Has your physio given you the latex resistance bands to help muscle regrowth? They are really excellent for this, mine are benefiting me a lot.


----------



## glasgowcyclist (9 Apr 2019)

Globalti said:


> Has your physio given you the latex resistance bands to help muscle regrowth? They are really excellent for this, mine are benefiting me a lot.



No, he is focusing on improving the range of movement before introducing resistance.


----------



## vickster (9 Apr 2019)

Globalti said:


> Yes I'd read that somewhere. I'll wait until I see the surgeon in a month and ask how he thinks it's likely to affect arm movement in the future. I'm with BUPA so I guess it will be OK although my surgeon also keeps a close eye on latest research and how that influences thinking.
> 
> The jammy sod goes to the IOM TT every year as one of the surgical team!


Bupa will even fight claims for age related arthritis / clean ups if your other structures, ROM etc arent affected (they weren’t keen on funding my knee arthroscopy in Jan and required a lot of info from the surgeon). Don’t mention the A word in comms if at all possible! They are very tetchy about paying for anything chronic or age related! Indeed they tend to follow the NHS/NICE on such things


----------



## Globalti (9 Apr 2019)

That's interesting thanks.


----------



## Globalti (15 Apr 2019)

GC how are you feeling now almost seven weeks down the line?


----------



## glasgowcyclist (15 Apr 2019)

Globalti said:


> GC how are you feeling now almost seven weeks down the line?



Much better, thanks.

Although I still have no muscle strength back, the physiotherapy has restored a lot of the range of movement in my shoulder. They added a new exercise last week involving abducting the arm which the doc at my last two assessments specifically told me to avoid. I contacted the fracture clinic to check but both the doc and the surgeon are on leave until next week so I'm avoiding this exercise until I get confirmation.


----------



## Globalti (16 Apr 2019)

My surgeon wrote "no physio for 10 days" on the discharge notes after my plating. After that my physio was happy for me to move any way. 

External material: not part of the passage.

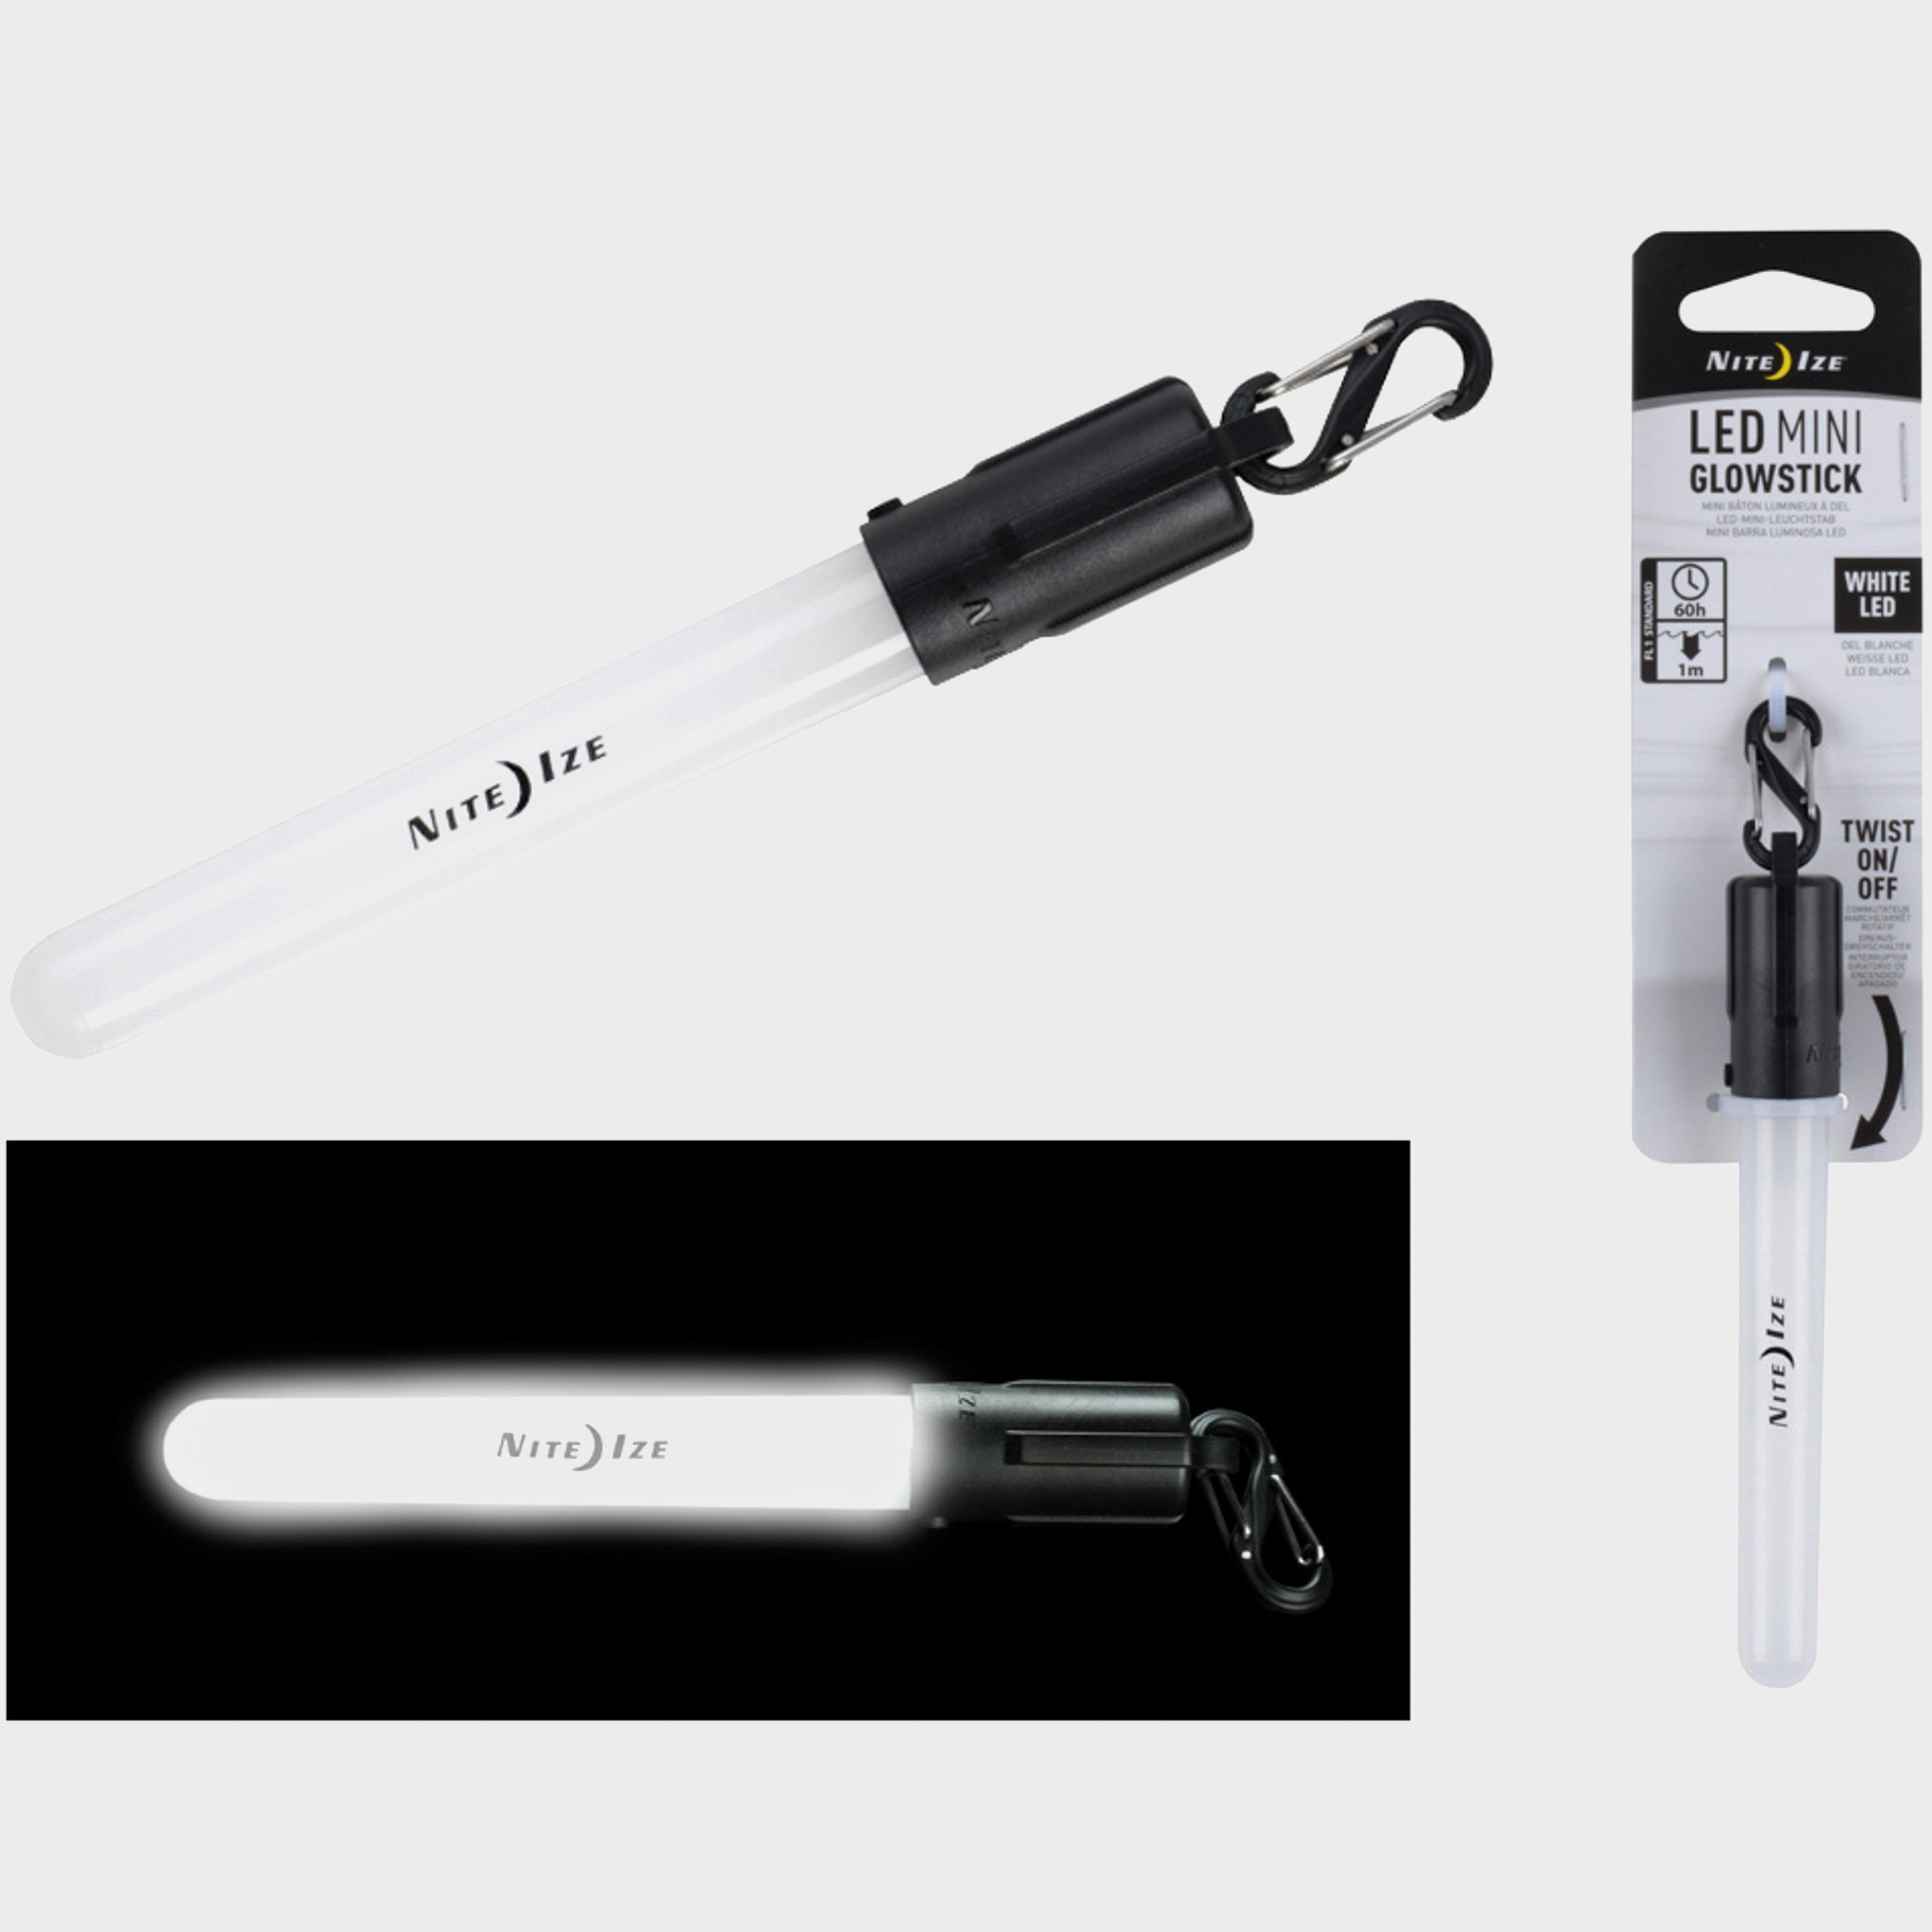 Niteize Led Mini Glowstick (white) - Black/led  Black/led

8 days now since the capsule release and the stretching is making it flippin' hurt, all the time. The pain is almost as bad as broken ribs. Everybody said it would hurt.


----------



## DCBassman (16 Apr 2019)

Globalti said:


> My surgeon wrote "no physio for 10 days" on the discharge notes after my plating. After that my physio was happy for me to move any way.
> 
> 8 days now since the capsule release and the stretching is making it flippin' hurt, all the time. The pain is almost as bad as broken ribs. Everybody said it would hurt.


A like for what is about to be a shared pain...


----------



## Globalti (24 Apr 2019)

So how are you feeling now GC?

2 weeks and 3 days since my capsule release and the pain is beginning to diminish. The arm definitely has a better range of movement. The worst thing is that the joint is loose and clunky so after I've finished stretching and I start walking away the shoulder joint suddenly settles with a pop that sends an electric shock of pain through me.


----------



## Katherine (25 Apr 2019)

Globalti said:


> So how are you feeling now GC?
> 
> 2 weeks and 3 days since my capsule release and the pain is beginning to diminish. The arm definitely has a better range of movement. The worst thing is that the joint is loose and clunky so after I've finished stretching and I start walking away the shoulder joint suddenly settles with a pop that sends an electric shock of pain through me.


Well done. It will be worth it.


----------



## glasgowcyclist (26 Apr 2019)

Globalti said:


> So how are you feeling now GC?
> 
> 2 weeks and 3 days since my capsule release and the pain is beginning to diminish. The arm definitely has a better range of movement. The worst thing is that the joint is loose and clunky so after I've finished stretching and I start walking away the shoulder joint suddenly settles with a pop that sends an electric shock of pain through me.




Every day is progress, both in arm range and pain reduction.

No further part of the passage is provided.